Co nowego w IRZ
4 listopada sejm uchwalił nową ustawę o systemie identyfikacji i rejestracji zwierząt. Gdy będziecie Państwo czytali te słowa, nowa ustawa będzie już obowiązująca. Warto zatem wiedzieć, czego mogą się spodziewać po niej hodowcy bydła.
tekst: dr Krzysztof Słoniewski, Michał Korytko
Głównym celem ustawy jest dostosowanie rozwiązań prawnych obowiązujących w Polsce do regulacji przyjętych w Unii Europejskiej. Dotyczy to zwłaszcza włączenia koni do ogólnego systemu identyfikacji i rejestracji zwierząt. W poniższym omówieniu pominiemy kwestie dotyczące innych gatunków zwierząt gospodarskich. Ograniczymy się do tych przepisów ustawy, które mają zastosowanie w przypadku gospodarstw utrzymujących bydło.
Bez rewolucji
Dobra wiadomość jest taka, że w przypadku posiadaczy bydła wejście w życie nowej ustawy nie spowoduje żadnych rewolucyjnych zmian. Zwierzęta, oznakowane zgodnie z obowiązującymi dotychczas zasadami, pozostaną prawidłowo oznakowane, gdy wejdzie w życie nowa ustawa. Utrzymano także siedmiodniowy termin na oznakowanie kolczykiem nowo narodzonego cielęcia. Taki sam termin dotyczy zgłaszania zdarzeń do systemu identyfikacji i rejestracji zwierząt (IRZ). Ci, którzy dotychczas zgłaszali zdarzenia w formie papierowej, będą mogli to robić nadal, a zwolennicy drogi elektronicznej będą mogli korzystać z portalu IRZplus.

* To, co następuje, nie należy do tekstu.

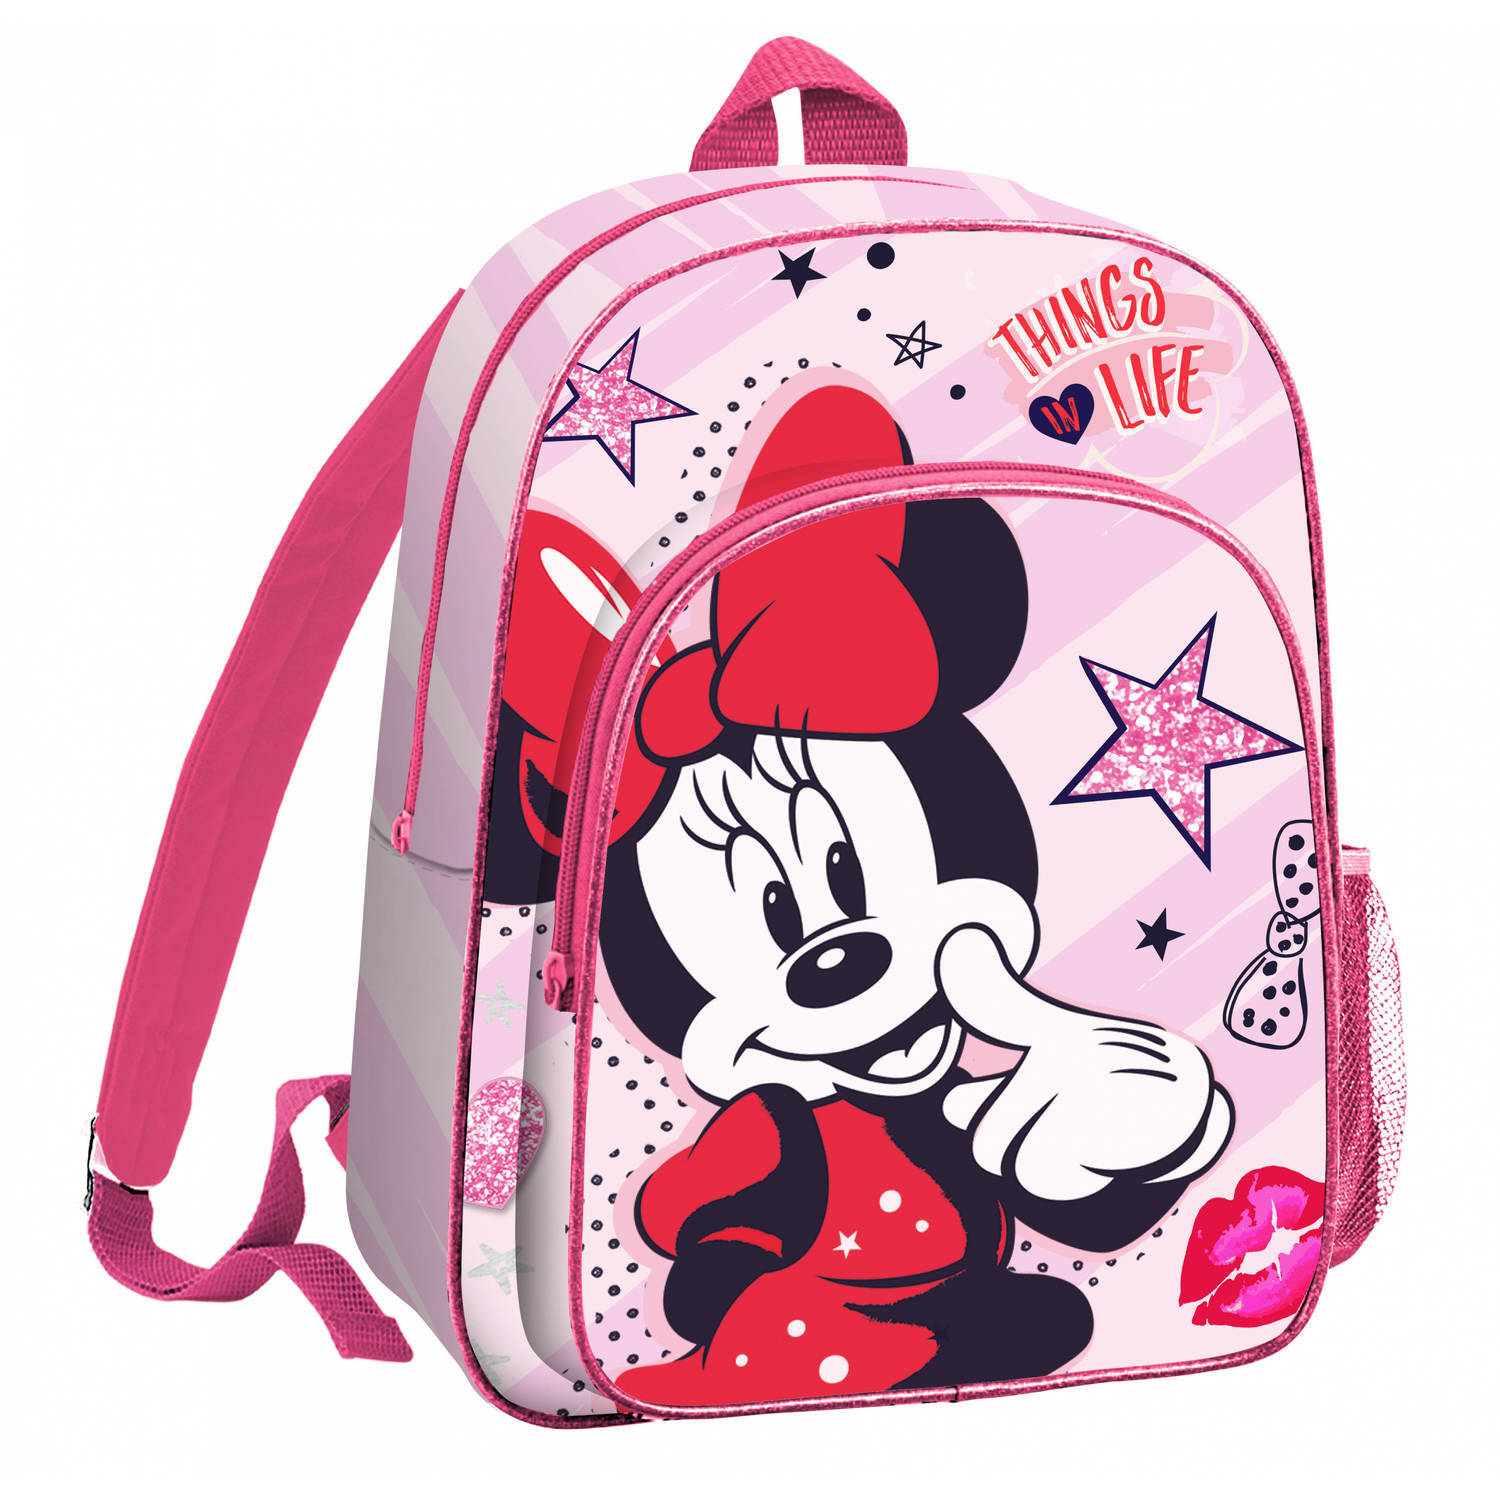 Disney rugzak Minnie Mouse meisjes 25 cm polyester roze

Tak jak to było dotychczas, organem właściwym w zakresie identyfikacji i rejestracji zwierząt pozostaje kierownik biura powiatowego ARiMR. Kontrole dotyczące przestrzegania ustawy nadal będą prowadzone przez organa Inspekcji Weterynaryjnej (w praktyce powiatowego lekarza weterynarii) oraz przez pracowników ARiMR.
Zachowują ważność wszystkie przepisy wykonawcze (głównie rozporządzenia), jakie minister rolnictwa i rozwoju wsi wydał na podstawie ustawy o IRZ z 2004 roku. Ustawodawca pozostawił ministrowi 24 miesiące (licząc od wejścia w życie nowej ustawy) na wydanie nowych przepisów wykonawczych. Wyjątek stanowi rozporządzenie dotyczące sposobu oznakowania zwierząt gospodarskich, w tym wzorów znaków identyfikacyjnych, oraz wymagań i warunków technicznych kolczyków dla zwierząt gospodarskich. Taka regulacja powinna się ukazać do 20 kwietnia 2023 roku. De facto, odpowiednie rozporządzenie ukazało się już 23 grudnia 2022 roku.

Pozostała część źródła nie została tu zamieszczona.